10 12 14 and 15 are notes that have already made an appearance.
10ths are sometimes discussed as an interval.

Some things in the musical naming systems could have gone down different.
Post tonal theorists use numbers 0-11 because their starting reference is intervals and not a scale.

[matt.guitarteacher]

Probably would make a lot of sense visually to see note names written stacked out. You'll see where things repeat. C E G Bb = 1 3 5 b7 etc

[matt.guitarteacher]

Also, regarding spelling out scale degrees which repeat notes already present in a different octave , like 10ths, usually you don't get into that much detail for a chord symbol. I would imagine it kind of defeats the purpose of its basic simplicity. Especially for jazz, chord symbol gives you something to improvise harmony and melody around , imply tonal centers which you can improvise over etc.

As stated above, a 10th is just the 3rd in a different octave. you can double 3rds, 5ths, 7ths etc., but that's very specific voicing information , and would usually be reserved for spelling out in notation if you wanted to express that beyond being "open"/ "closed" or inversions etc.

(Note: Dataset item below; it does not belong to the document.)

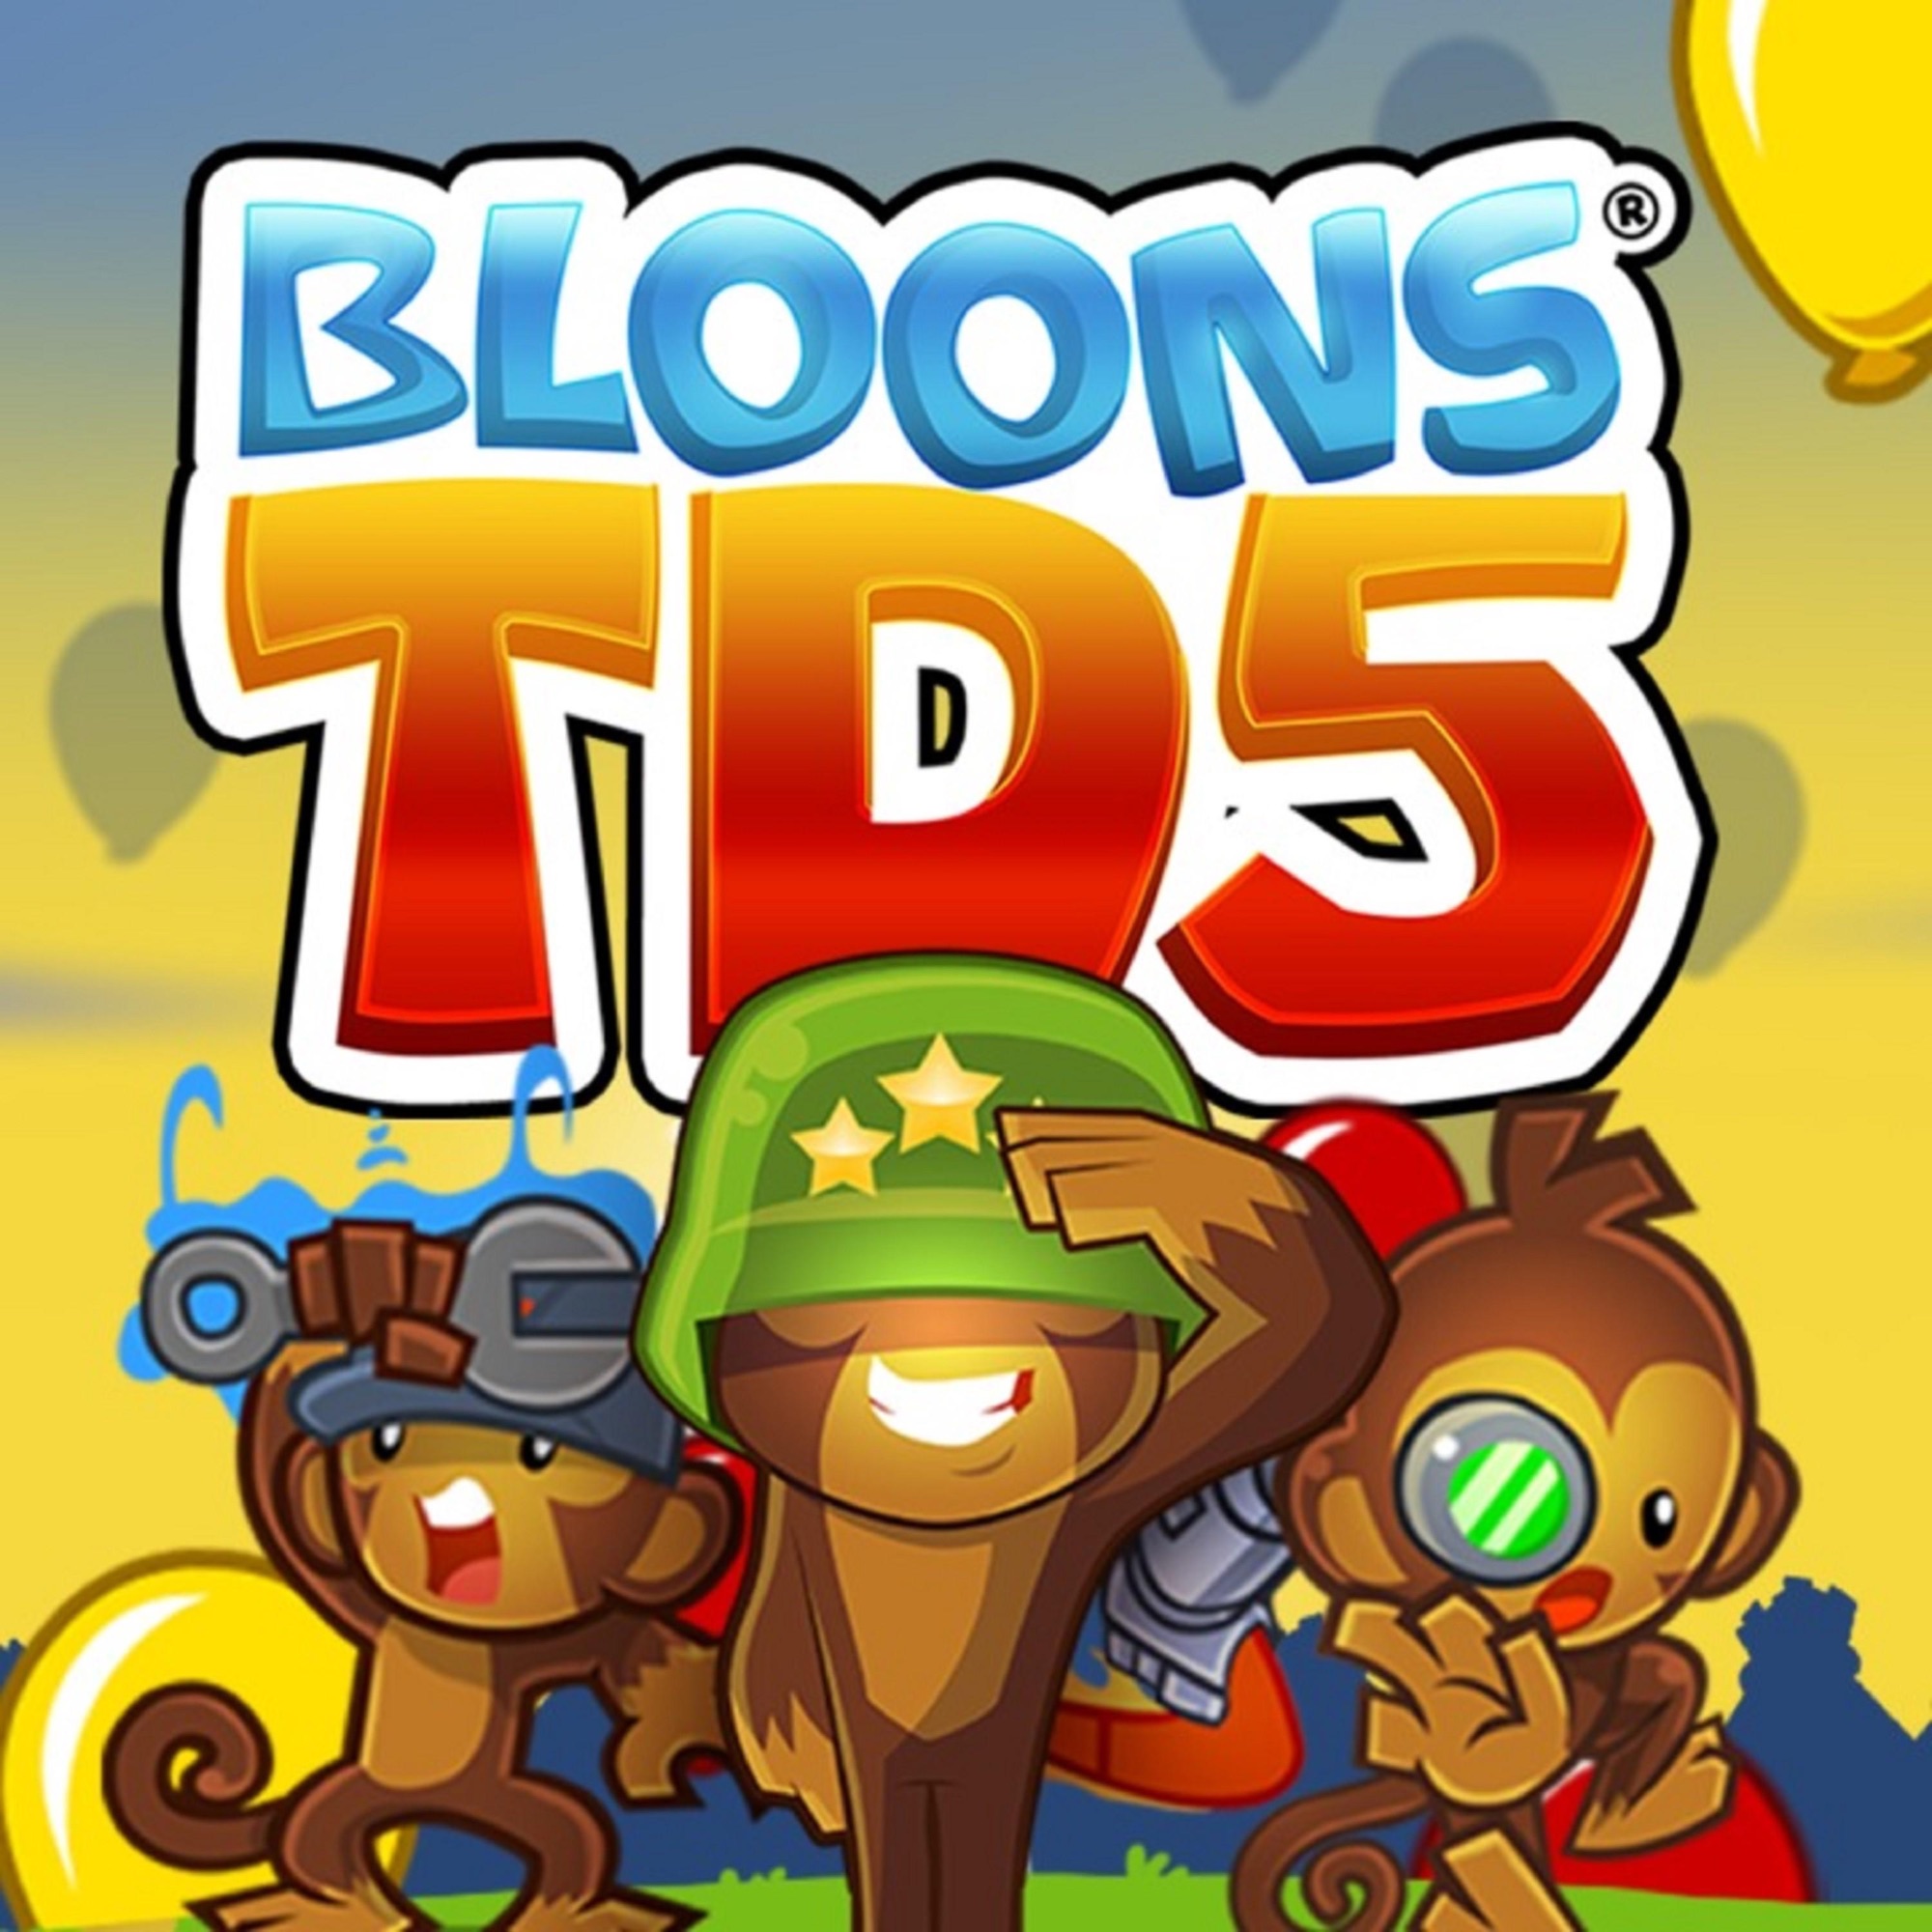 bloons tower defense 5 tyrone
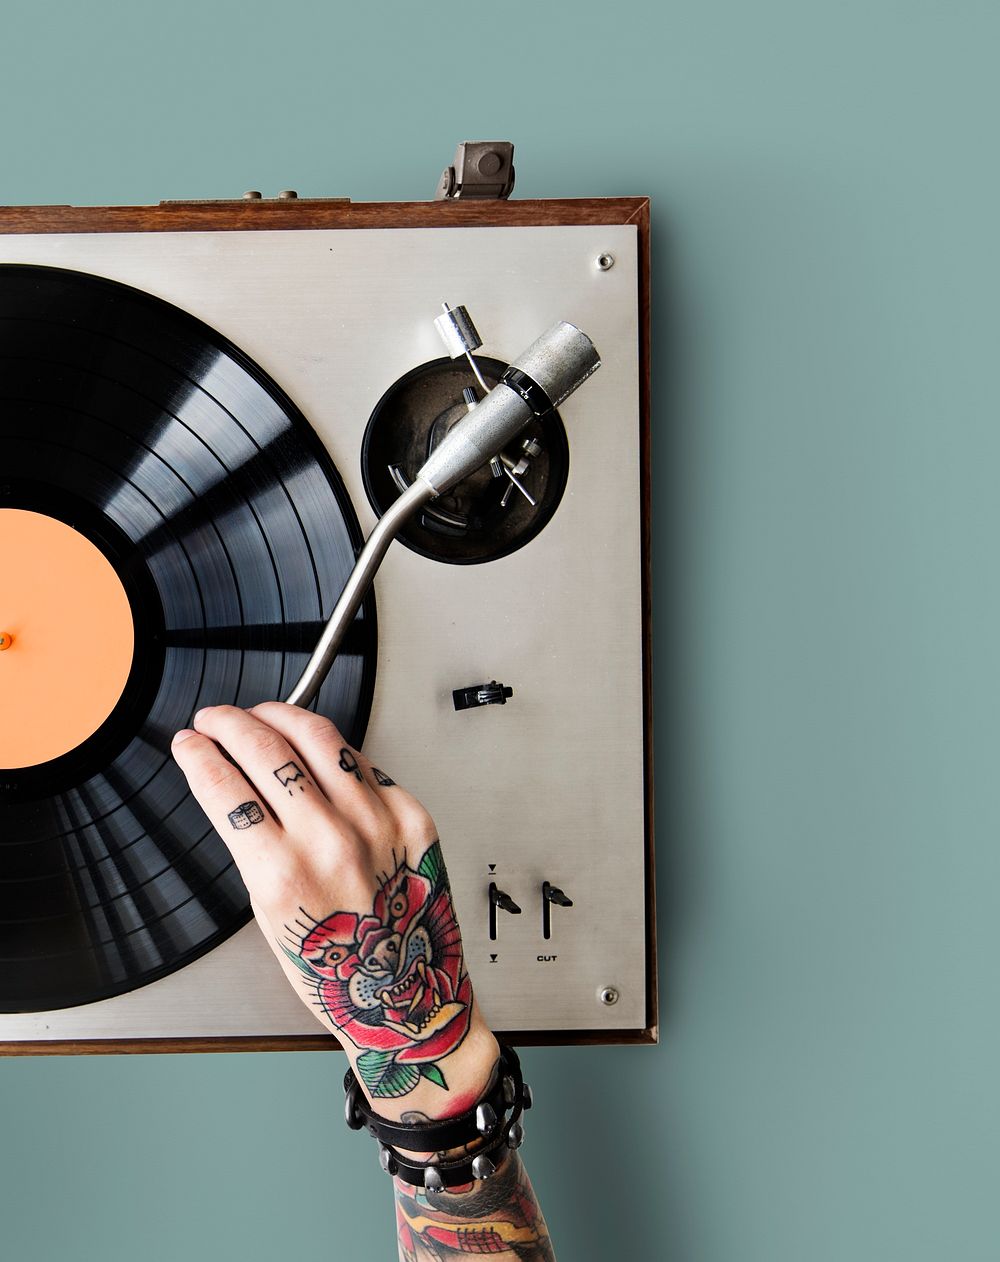 Tattooed woman playing a vinyl record

You very commonly see 10ths, 6ths and 3rds talked about as INTERVALS for harmonizing a melody or improvised line , like double stops.

In that case, it's a very handy short hand for describing what you're doing with other musicians. When you hear players/teachers talking about 10ths they are usually talking about double stop intervals. You usually don't talk about 10ths with CHORDS as much.

[TH]

In some circles, voicings are very important, and those intervals are used regularly. Especially in terms of altered qualities (you want a triadic chord tone altered in the upper register, for instance). I just saw Jerry Bergonzi playing and in the instructions he gave to the piano player when he called the tune he specified tensions that I'd never heard mentioned, that the piano player picked up on right away. The sound was one I'd never heard either. Short hand for sound required the use of a "non conventional" language and for them the tensions you mentioned were a given.
Also in some scales that don't repeat within the octave, the use of higher numerical names is kind of a necessity. But now we're talking chord and scale construction a step outside of what many traditional theories teach.
David

[matt.guitarteacher]

I seem to recall, as a kid, being irritated at not being able to find #9 chords in my hal Leonard incredible chord finder. It only had flat tens. Took me a little while to figure that one out. :-)

[docbop]

I look at it as the basic chord tones 1,3,5,7 have strong identities no matter what octave they are in. People indication inversion to move them around. The other notes are all color tones that tend to be used up an octave, they can be used in low voices carefully.

[Hep To The Jive]

Sorry, a little off topic, but I always kinda irritated at 7#11 chords in charts. Why not just say 7b5 ? You sure dont want the 5th and augumented 4th in the same chord? I automatically assume its b5, am I wrong? Maybe pianists do play #11 and 5th at the same time?

[matt.guitarteacher]

Sorry, a little off topic, but I always kinda irritated at 7#11 chords in charts. Why not just say 7b5 ? You sure dont want the 5th and augumented 4th in the same chord? I automatically assume its b5, am I wrong? Maybe pianists do play #11 and 5th at the same time?

Yeah with guitar it's more often b5 because of limitations. :-)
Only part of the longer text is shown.